Meet Yash Semlani, the eight-year-old travelling the world in the name of entrepreneurship
Friday, March 27, 2015/
Yash Semlani is proof it is never too early to become an entrepreneur.
At the tender age of six, the school kid from Houston, Texas asked his parents for a video console. But instead of just purchasing the console for him, Semlani’s parents suggested he try his hand at raising money through an old-fashioned lemonade stand to “learn the value of money”.
Together with his friend Vaansh, Semlani raised $580 from his first lemonade stand. The duo split the proceeds, Semlani donated $40 to a children’s charity and thought he would keep the remaining $200 for his video console.
But speaking to SmartCompany this week, the now eight-year-old Semlani says he never ended up buying the console, after realising “how hard I had to work to earn that money”.
The following year Semlani ran another lemonade stand, this time with a US-wide program called Lemonade Day, which was founded by Michael Holthouse, a member of the Young President’s Organisation (YPO). Raising money for the Texas Children’s Hospital, Semlani and his brother donated $6200 in profits from their lemonade stand to the hospital’s Help Kids Be Kids program with the help of a matching donor. As the face of the hospital’s campaign, he successfully raised another $59,000.
The experience prompted Semlani to establish his own not-for-profit organisation, Make A Difference Entrepreneurs (MADE), and he now travels around the USA to encourage other kids to start their own businesses and adults to support them.

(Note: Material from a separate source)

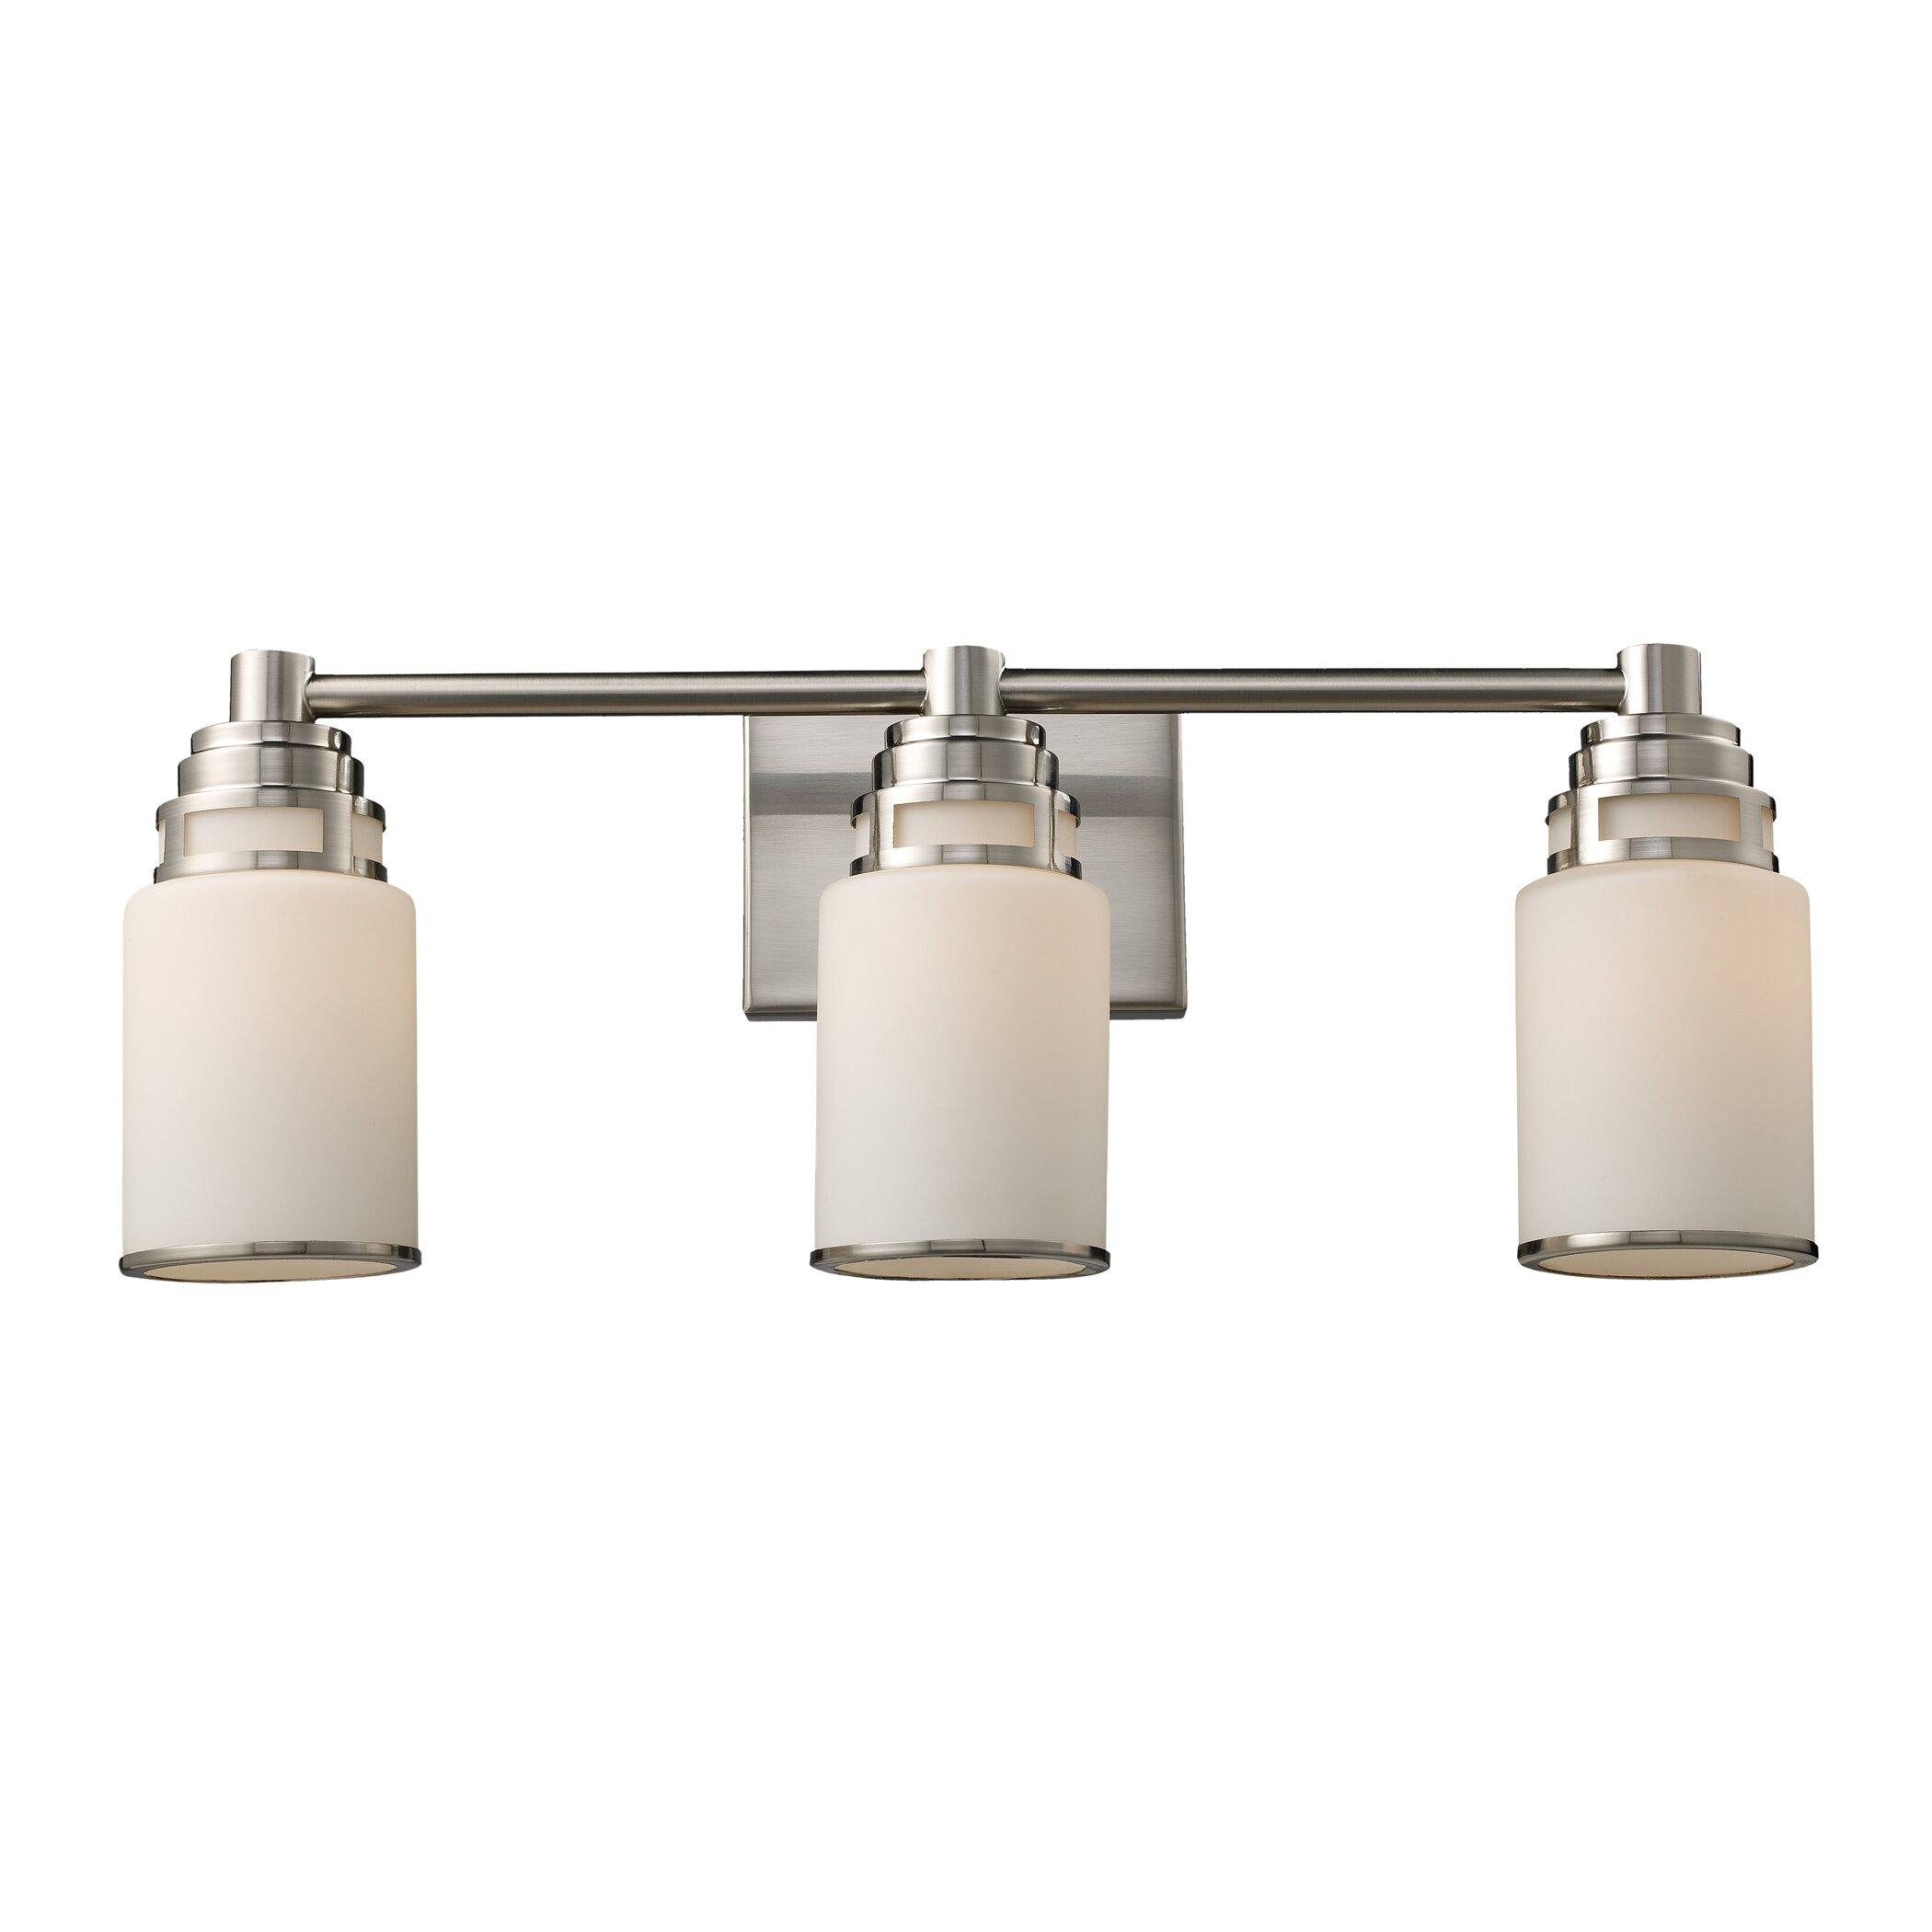 Elk lighting bryant 3 light bathroom vanity light for Elk bathroom lighting

He is even in the process of filming a television series.
MADE is also what brings Semlani to Melbourne this week for YPO’s Global EDGE conference, along with more than 2000 chief executives and big names like Sir Bob Geldof, Olivia Newton-John and Malala Yousafzai.

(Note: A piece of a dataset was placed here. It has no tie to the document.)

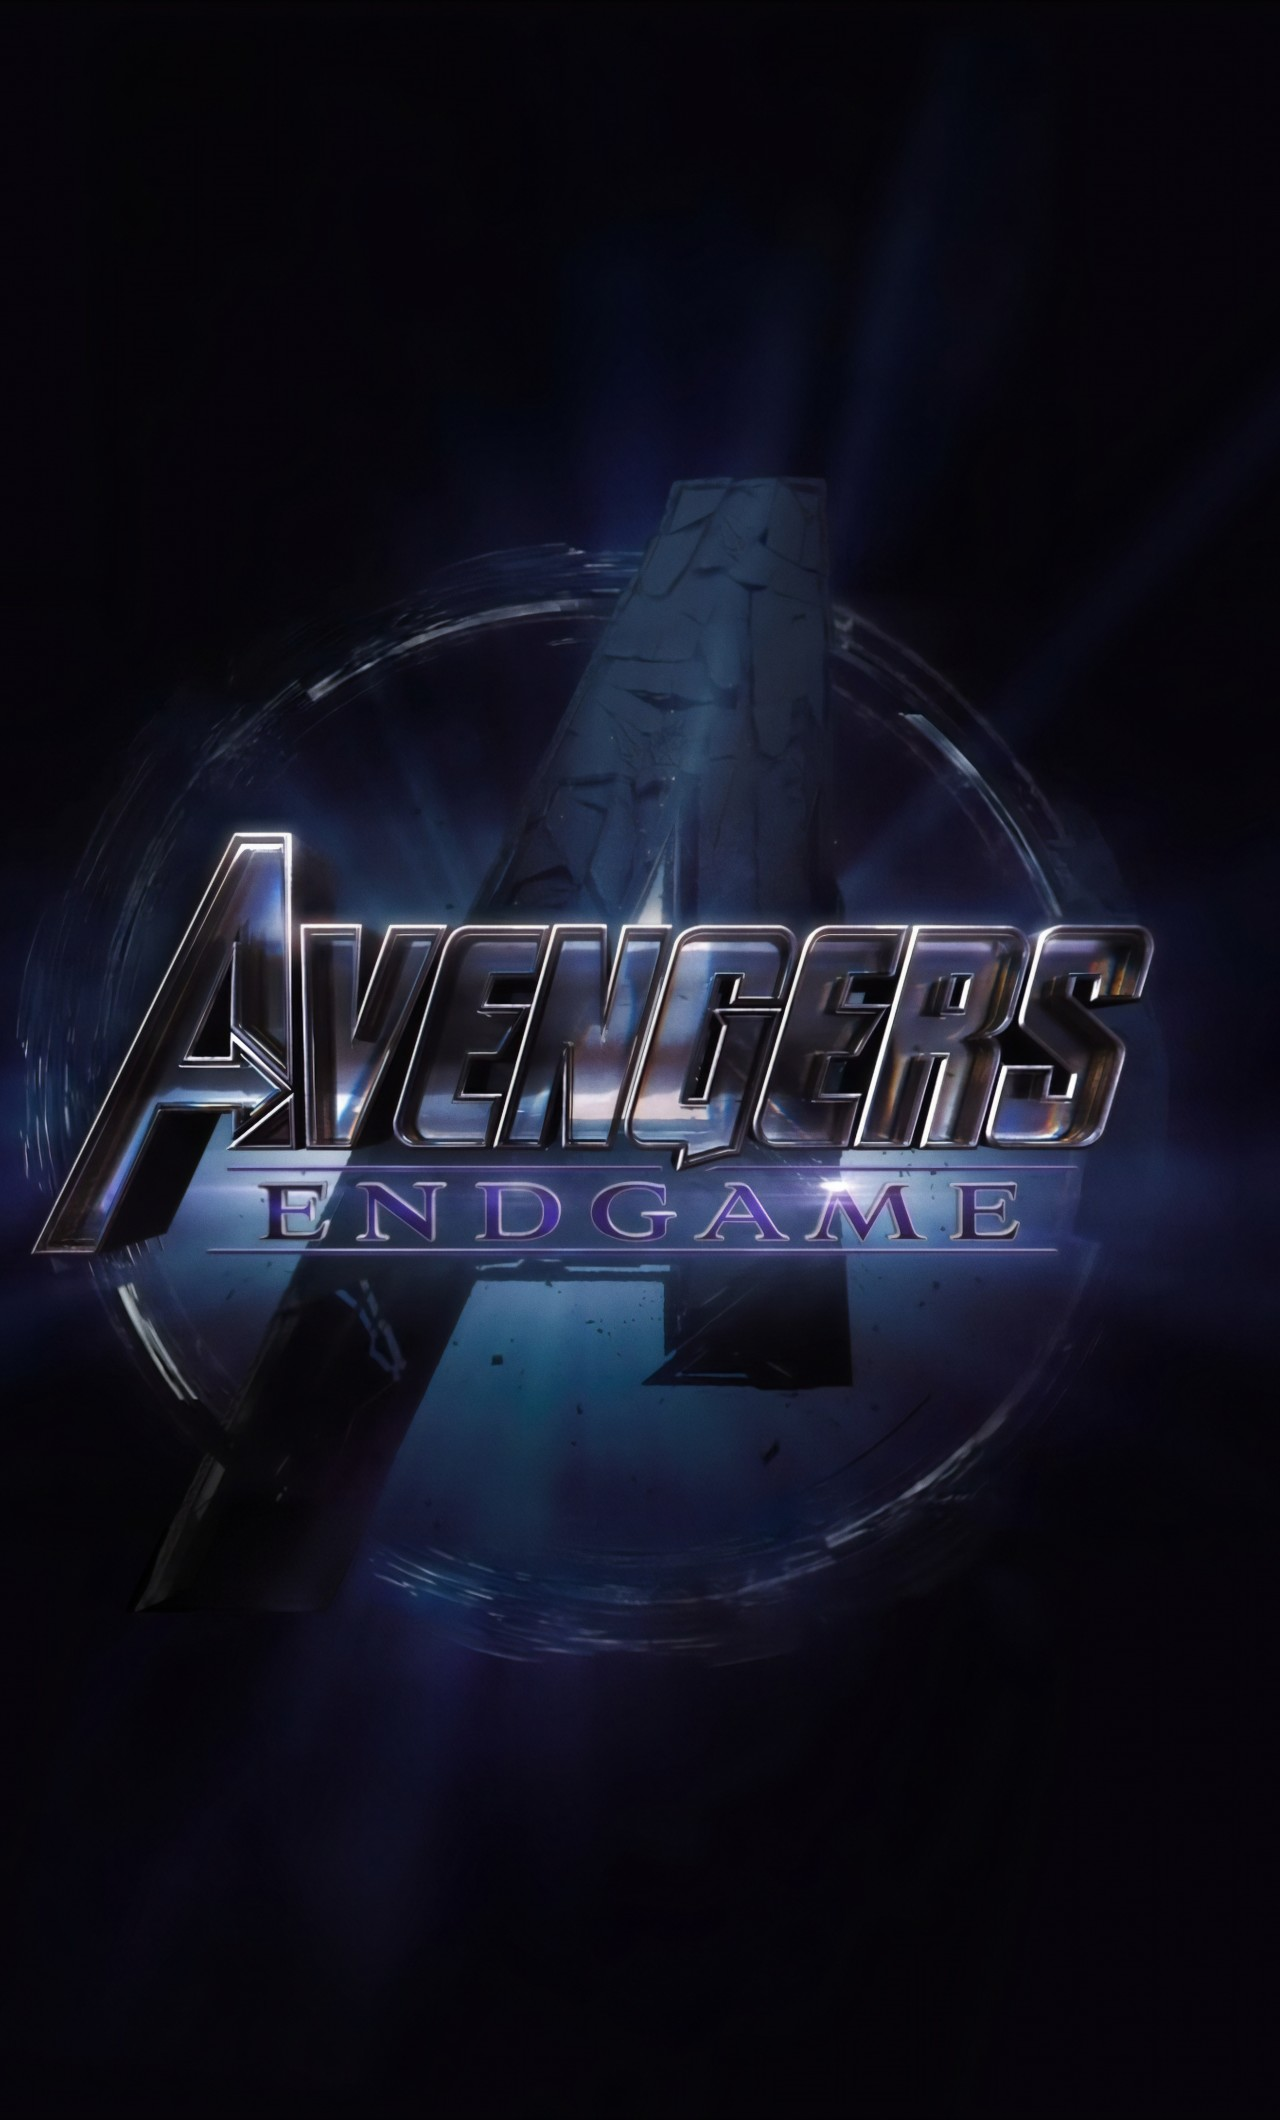 1280x2120 Avengers 4 Endgame Poster iPhone 6 plus ...

Semlani admits he was “a little nervous” starting his first lemonade stand but his dad helped him out.
“My dad is an entrepreneur so I did hear some of his conversations and was very fascinated by how he would think of out-of-the-box ideas to grow his business,” Semlani says.
But he says his ideas of what makes an entrepreneur soon changed.
“I realised it’s a lot of hard work and an entrepreneur always needs to innovate and apply things learnt from other experiences to your business to move it forward,” he says.
“I also realised that without a mentor it’s hard for kids to set up a lemonade stand and understand some of the terminology in the workbook. Some of my friends who signed up did not actually do the stand making me very sad.”
Semlani says some people have told him he is too young to pursue his dreams, but he says age doesn’t matter.
“I just smiled at them and went about doing what I believed in and the results are very visible,” he says.
“People spend the first half of their lives saying they are too young and the second half saying they are too old.”
He knows that there will be “ups and downs” in his career, but he says his dad has taught him “the highs and lows are like sunrise and sunset, after a dark night knowing that the sun will rise helps you face the difficult times”.
Semlani has bold goals for MADE but he says the organisation needs more mentors to help the “millions of kids in the world that need to experience entrepreneurship and making a difference”.
“My brother and I are only eight and five and the challenge we have taken on with MADE is not easy,” he says.
“But [it is] one that cannot be postponed and one that we intend to win. There are millions of kids out there that are not as fortunate as you or your family.”